--- What you have to do ---
Taking the listing below, restate word for word each line from the line with "Świadczenia chorobowe i" to the line with "Real Madrid v", ends included, and stop there.

--- Material provided ---
---

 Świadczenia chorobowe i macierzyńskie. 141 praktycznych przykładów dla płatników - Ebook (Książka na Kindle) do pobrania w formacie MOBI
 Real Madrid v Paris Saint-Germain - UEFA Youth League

---

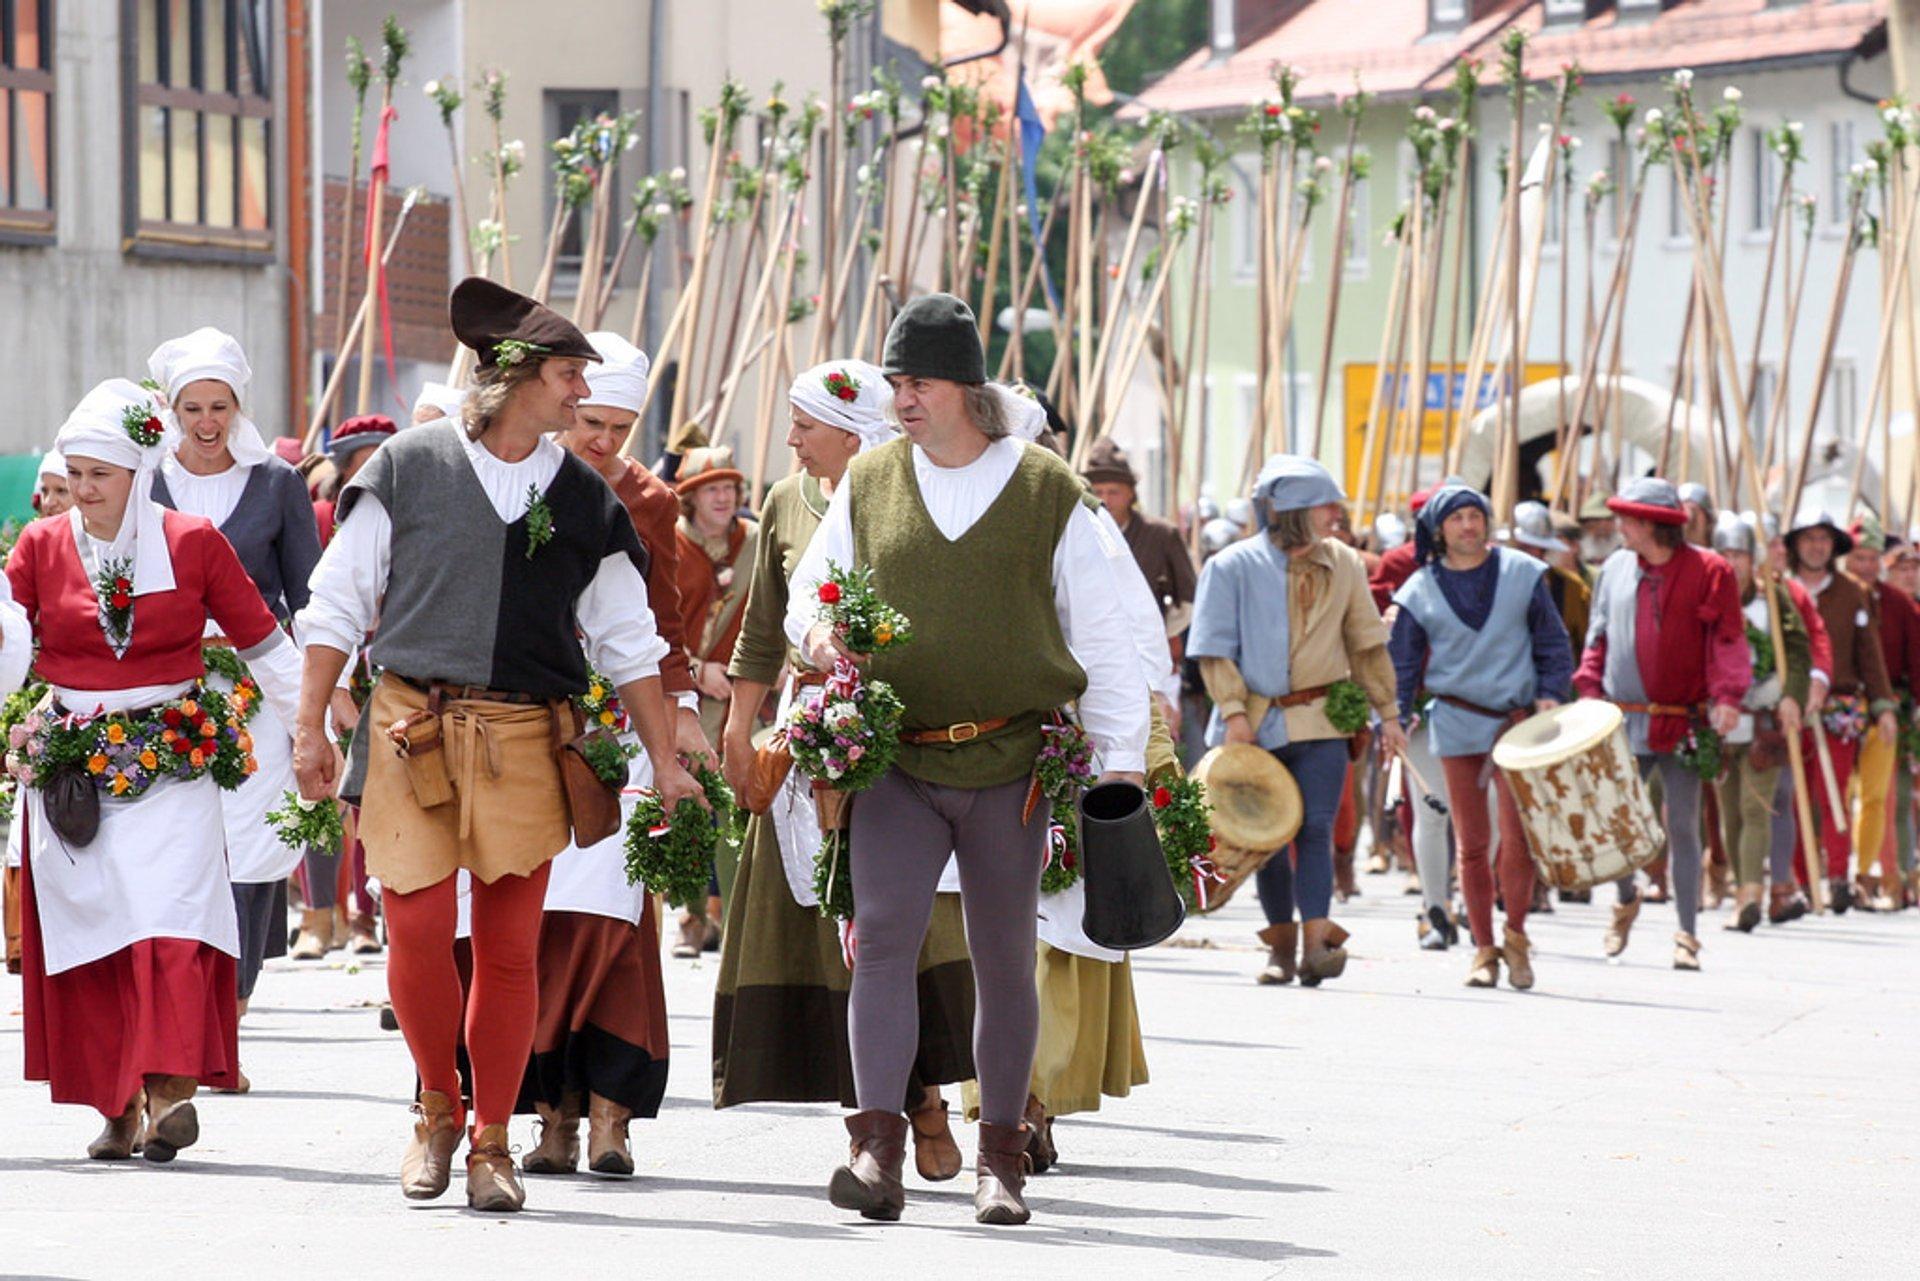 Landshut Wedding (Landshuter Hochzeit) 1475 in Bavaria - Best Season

---

--- Solution to this problem ---
 Świadczenia chorobowe i macierzyńskie. 141 praktycznych przykładów dla płatników - Ebook (Książka na Kindle) do pobrania w formacie MOBI
 Real Madrid v Paris Saint-Germain - UEFA Youth League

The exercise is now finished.